Leasehold proposals welcomes by property lawyer

A Birmingham property lawyer has welcomed proposed reforms that could radically change how leases operate for the UK’s four million house and flat owners in England and Wales.

Charlotte Collins, of Realty Law, says she hopes the consultation document produced by the Law Commission will make the enfranchisement system – the process that enables the owner of a leasehold property to apply to purchase the freehold after two years or extend a lease – more streamlined.

Flat owners generally buy their properties on a leasehold, as opposed to freehold, basis, and although some houses have been sold on a leasehold basis for more than 50 years, recent concerns relating to escalating ground rent have led the Government to announce that it will ban the sale of leasehold houses.

Charlotte said more than one million house owners are caught in a “leasehold trap”.

“Thanks to a lease clause, housing developers can charge ground rents that double every ten years, which has resulted in these house owners being weighed down with annual bills that run into thousands of pounds,” explained Charlotte.

“These rules have also meant that many people have become trapped in their homes because they have been rendered unsellable and banks won’t offer mortgages on them.”

The Law Commission says it wants to make enfranchisement easier, quicker and more cost effective, by reducing the legal and other associated costs, particularly for leaseholders, by introducing a clear prescribed methodology for calculating the price of the freehold.

It also proposes reducing or removing the requirements for leaseholders to have owned their lease for two years before enfranchising, and to pay their landlord’s costs of enfranchisement.

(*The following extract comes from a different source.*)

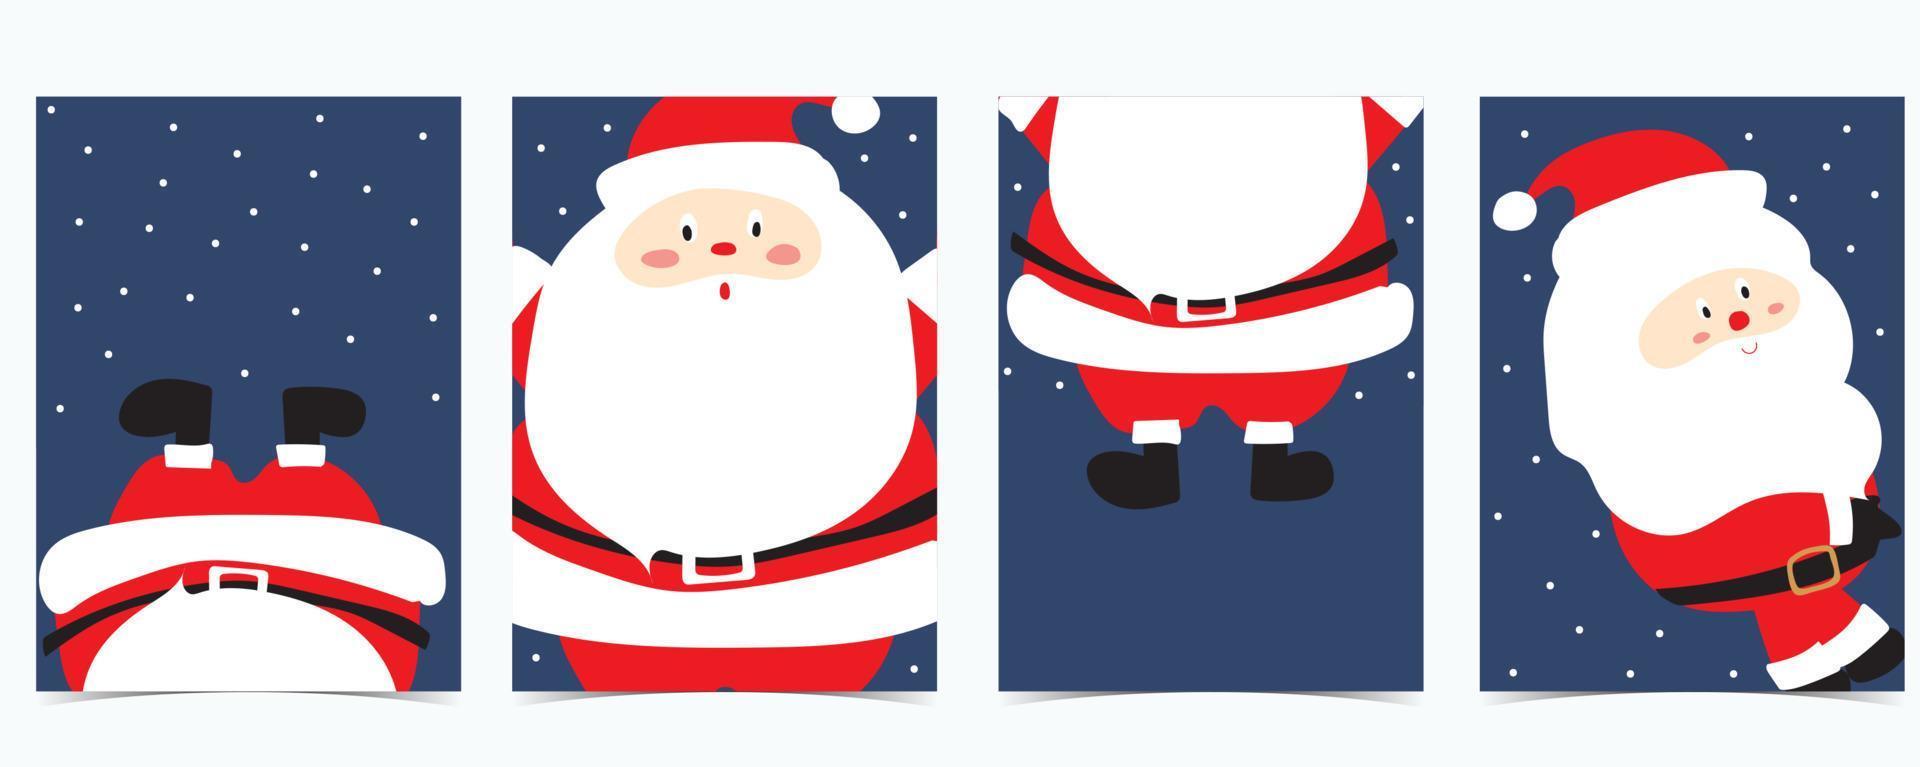 süße weihnachtskollektion mit santa claus.vector illustration für poster, postkarte, banner, cover vektor

The Commission says that rationalising and streamlining the system, which currently extends to 450 pages over 50 different Acts of Parliament, and expanding the existing enfranchisement rights and to improving the procedure for claiming enfranchisement rights would help leaseholders, but not at the expense of landlords.

Charlotte said: “Whilst there are many parts of the proposed reforms that need a great deal of thought as to implementation and accessibility, it is hard to see how anyone could object to the principles of the reform and the Commission has put forward some very interesting ideas.

“Seeking to untangle the enfranchisement rules and make them accessible and affordable to leaseholders is to be supported. It is, however, a plan which needs to be tested extensively to make sure that it isn’t derailed by any overly complex process with pitfalls for the unwary.”

The document offers “very interesting lateral thinking ideas” as to how to reduce enfranchisement prices, said Charlotte.

She said claims – mainly in London – that offices are “houses” would no longer apply because the proposals would remove the unsatisfactory definition of what a “house” is and there would be a 25% non-residential limit to all enfranchisements.

“There are lots of ideas contained within the document and it will be interesting to see what contributions property agents, landlords and tenants will offer during the consultation period,” added Charlotte.